As I wrote that particular bit, I was thinking that any number I put 
there was probably wrong for some large subset of users, but I wanted to 
finish putting down my thoughts and improve it later.


Thanks,
Shawn



Re: Why is SolrCloud doing a full copy of the index?

2013-05-06 Thread Otis Gospodnetic
Hi,

I just looked at SPM monitoring we have for Solr servers that run
search-lucene.com.  One of them has 1-2 collections/minute.  Another
one closer to 10.  These are both small servers with small JVM heaps.
Here is a graph of one of them:

https://apps.sematext.com/spm/s/104ppwguao

Just looked at some other Java servers we have running, not Solr, and
I see close to 60 small collections per minute.

So these numbers will vary a lot depending on the heap size and other
JVM settings, as well as the actual code/usage. :)

Otis
--
Solr  ElasticSearch Support
http://sematext.com/





On Mon, May 6, 2013 at 4:39 PM, Shawn Heisey s...@elyograg.org wrote:
 On 5/6/2013 1:39 PM, Michael Della Bitta wrote:

 Hi Shawn,

 Thanks a lot for this entry!

 I'm wondering, when you say Garbage collections that happen more often
 than ten or so times per minute may be an indication that the heap size is
 too small, do you mean *any* collections, or just full collections?


 My gut reaction is any collection, but in extremely busy environments a rate
 of ten per minute might be a very slow day on a setup that's working
 perfectly.

 As I wrote that particular bit, I was thinking that any number I put there
 was probably wrong for some large subset of users, but I wanted to finish
 putting down my thoughts and improve it later.

 Thanks,
 Shawn



Re: Why is SolrCloud doing a full copy of the index?

2013-05-05 Thread Erick Erickson
Second the thanks

Erick

On Sat, May 4, 2013 at 6:08 PM, Lance Norskog goks...@gmail.com wrote:
 Great! Thank you very much Shawn.


 On 05/04/2013 10:55 AM, Shawn Heisey wrote:

 On 5/4/2013 11:45 AM, Shawn Heisey wrote:

 Advance warning: this is a long reply.

 I have condensed some relevant performance problem information into the
 following wiki page:

 http://wiki.apache.org/solr/SolrPerformanceProblems

 Anyone who has additional information for this page, feel free to add
 it.  I hope I haven't made too many mistakes!

 Thanks,
 Shawn




Re: Why is SolrCloud doing a full copy of the index?

2013-05-05 Thread Kumar Limbu
Thanks for the replies. It is really appreciated.

Based on the replies it seems like upgrading to the latest version of Solr
is something that will probably resolve this issue.

We are also update quite frequently. We update every 5 minutes. We will try
and set this to higher interval and see if that helps.
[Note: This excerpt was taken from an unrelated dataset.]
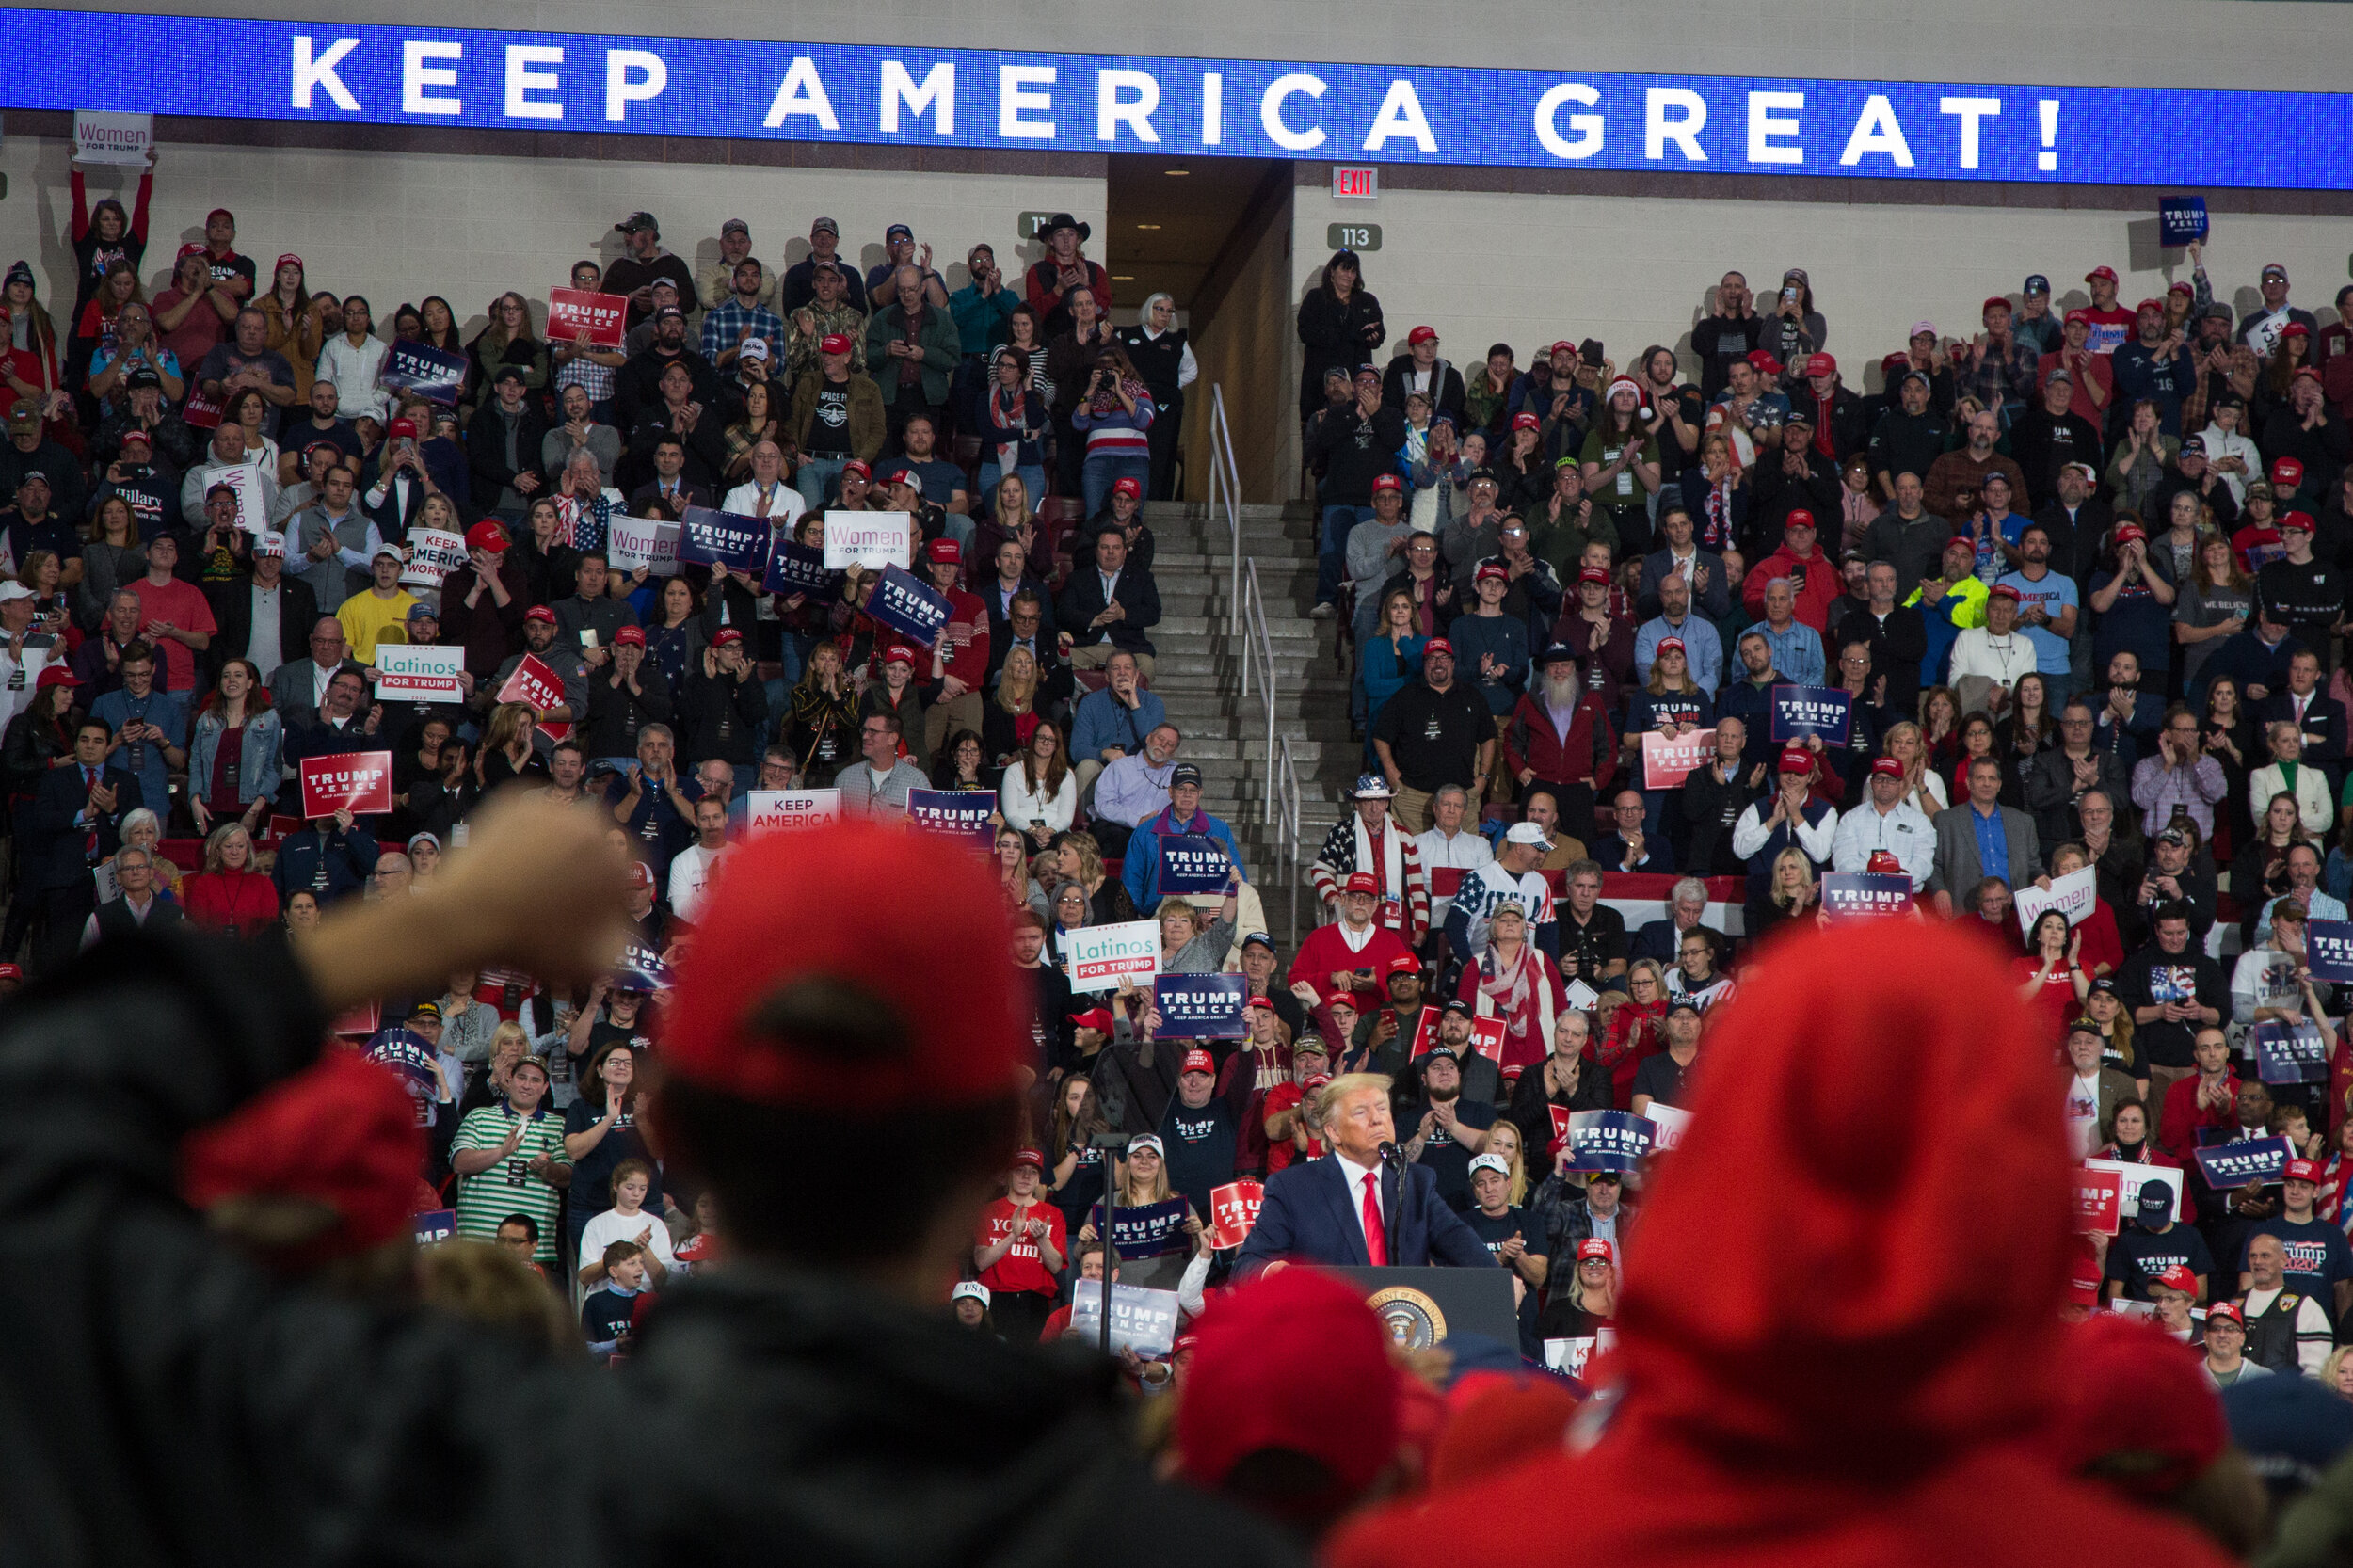 President Trump Speaks At A "Keep America Great" Rally

We will also try increasing the servlet timeout and see if that resolves the
issue.

Among the other suggestions we already tried increasing the zkClientTimeout
from 15 seconds to 30 seconds but that didn't seem to help. What do you
recommend is a good value to try?

Few more details about our system:
we are running this on a system with 16GB of RAM. We are using 64 bit server
and we also use SSD disks.

Also, since we are already using 4.0 in our production environment with the
aforementioned 3 servers setup, how should we go about upgrading to the
latest version (4.3)? Do we need to do a full reindex of our data or is the
index compatible between these versions? 

We will try out the suggestions and will post later if any of them help us
resolve the issue.

Again, thanks for the reply.



--
View this message in context: 
http://lucene.472066.n3.nabble.com/Why-is-SolrCloud-doing-a-full-copy-of-the-index-tp4060800p4060897.html
Sent from the Solr - User mailing list archive at Nabble.com.
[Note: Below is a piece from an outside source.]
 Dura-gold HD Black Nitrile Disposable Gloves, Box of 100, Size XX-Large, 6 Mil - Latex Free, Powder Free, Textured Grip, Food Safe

Re: Why is SolrCloud doing a full copy of the index?

2013-05-05 Thread Kristopher Kane
 
 Advance warning: this is a long reply.
 

Awesome Shawn.  Thanks!





Re: Why is SolrCloud doing a full copy of the index?
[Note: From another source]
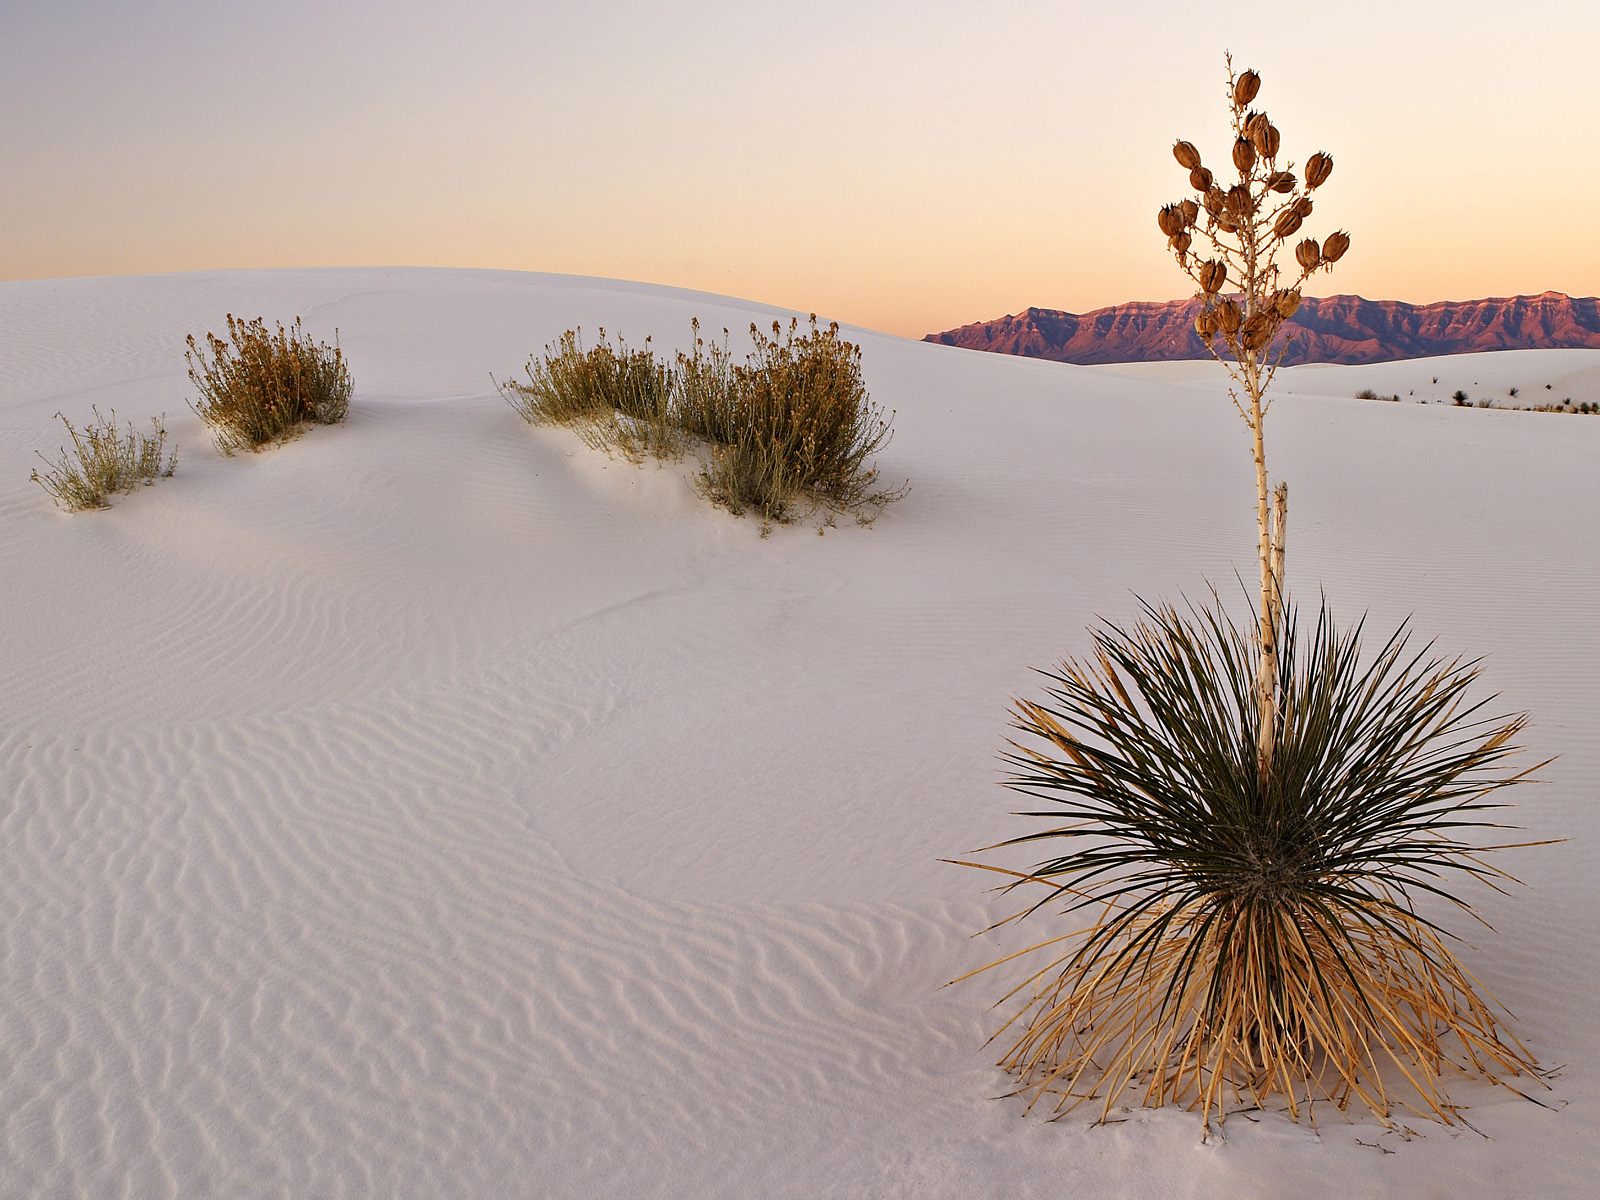 Download HQ White Sands at Sunrise, New Mexico Deserts wallpaper / 1600x1200

2013-05-04 Thread Erick Erickson
Hmmm, there was a problem with replication where it would do a full
copy unnecessarily that was fixed in 4.2 (I think). Frankly I don't
quite know whether it was a problem with 4.0.

It's also possible that your servlet containers have a short enough
timeout that you're occasionally just getting connection timeouts, so
lengthening that interval might be worthwhile, but that's a stab in
the dark.

Best
Erick

On Sat, May 4, 2013 at 4:06 AM, Kumar Limbu kumarli...@gmail.com wrote:
 We have Solr setup on 3 machines with only a single shard. We are using Solr
 4.0 and currently have around 7 Million documents in our index. The size of
 our index is around 25 GB. We have a zookeeper ensemble of 3 zookeeper
 instances.

 Let's call the servers in our setup server (A), (B) and (C). All updates to
 Solr goes via server (C). Searches are performed on server (A) and (B). The
 updates are normally propagated incrementally from server (C) to the other 2
 servers.  Intermittently we have noted that the servers (A) and (B) makes a
 full copy of the index from server (C). This is not ideal because when this
 happens performance suffers. This occurs quite randomly and can occur on any
 of the other 2 nodes i.e. (A) and (B).

 On the server (C), which is the leader, we see errors like the following .We
 suspect this might be the reason why a full index copy occurs in the other
 nodes but we haven't been able to find out why this error is occurring.
 There is no connectivity issue with the servers.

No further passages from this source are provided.